<h1>Self-Driving Agent Report</h1>

<h2>1. Implementation of a Basic Driving Agent</h2>

As starting task, we will move the smartcab around the environment using a random approach. The set of possible actions will be: None, forward, left, right. The deadline will be set to false, but this doesn't mean that smartcab has an infinite number of moves as can see on code of the file **smartcab/environment.py** (but will increase a lot the number of moves available).

The code corresponding to this agent can be found on the class **RandomAgent** at the file **smartcab/agents.py**.

Observations from simulation:

1. Normally the smartcab action is not optimal, but normally reaches the destination because has a lot of moves available to reach the destination.
2. The environment  doesn't allow any agent to execute and action that violates traffic rules, but a strong negative reward is applied.

<h2>2. Inform the Driving Agent</h2>

The next task  is to identify a set of states that are appropriate for modeling the smartcab and environment. 

All the information we receive come from the environment and the planner.

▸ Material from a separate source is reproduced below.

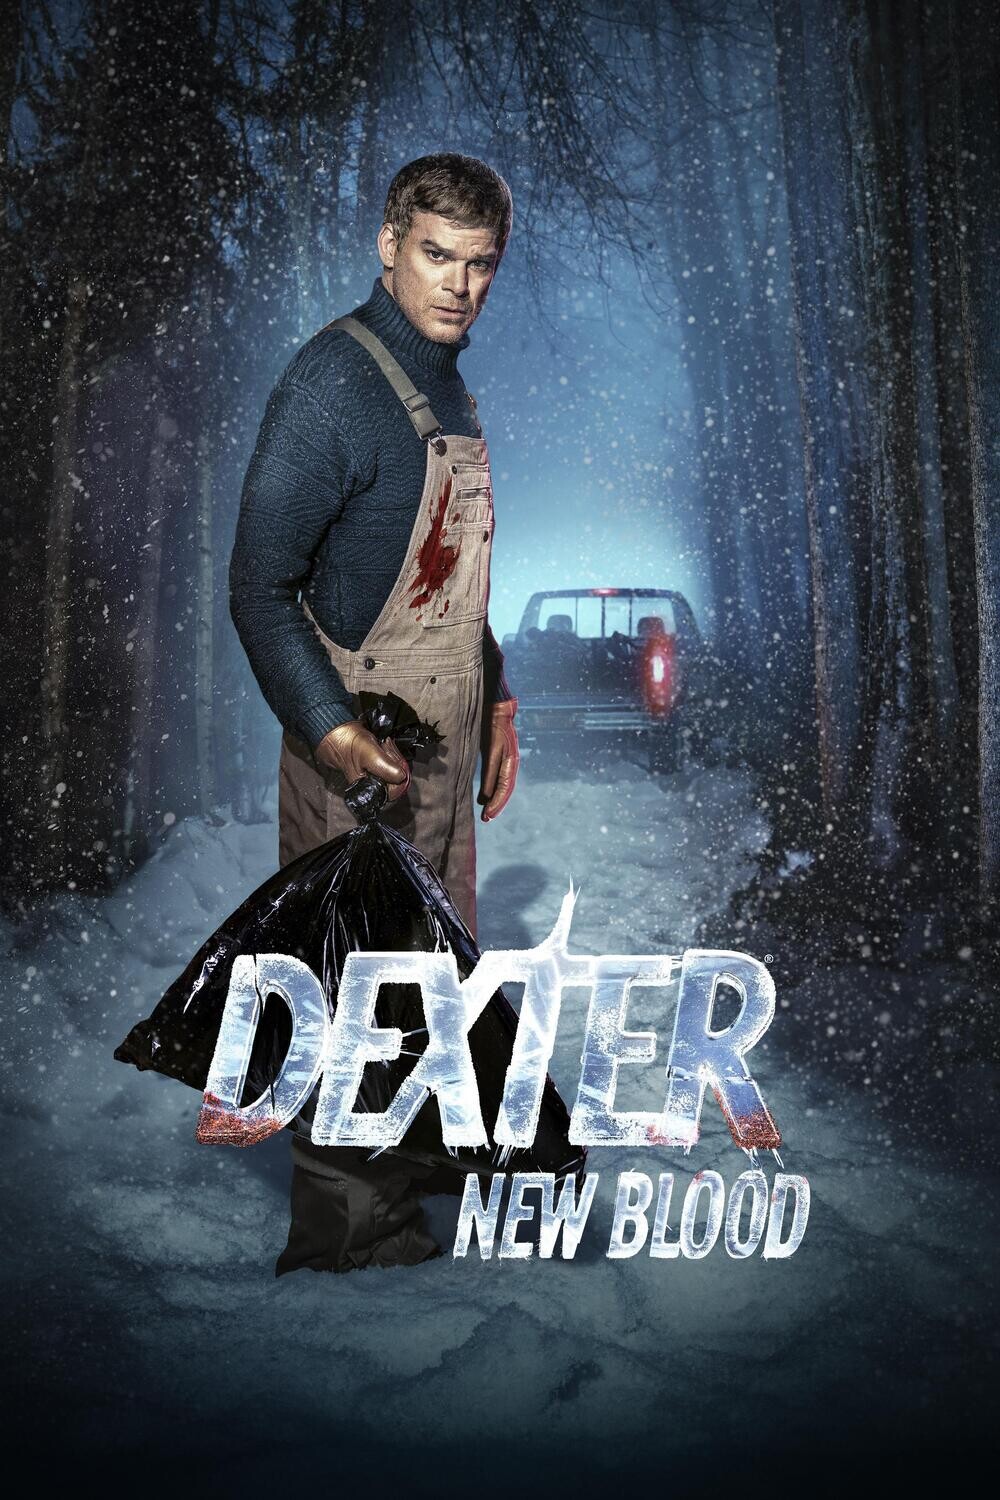 Dexter: New Blood (7 day rental)

Sensing the environment provide us with these inputs:

- light:
    - Possible values: Red / Green
- oncoming:
    - Possible values: None / Forward / Right / Left
    - Indicates if there is a car oncoming and the action wants to execute.
- right:
    - Possible values: None / Forward / Right / Left
    - Indicates if there is a car approaching from the right oncoming and 
    the action wants to execute.
- left:
    - Possible values: None / Forward / Right / Left
    - Indicates if there is a car approaching from the left oncoming and 
    the action wants to execute.

Also from the environment we can obtain the deadline, that is the number of remaining moves to reach the destination.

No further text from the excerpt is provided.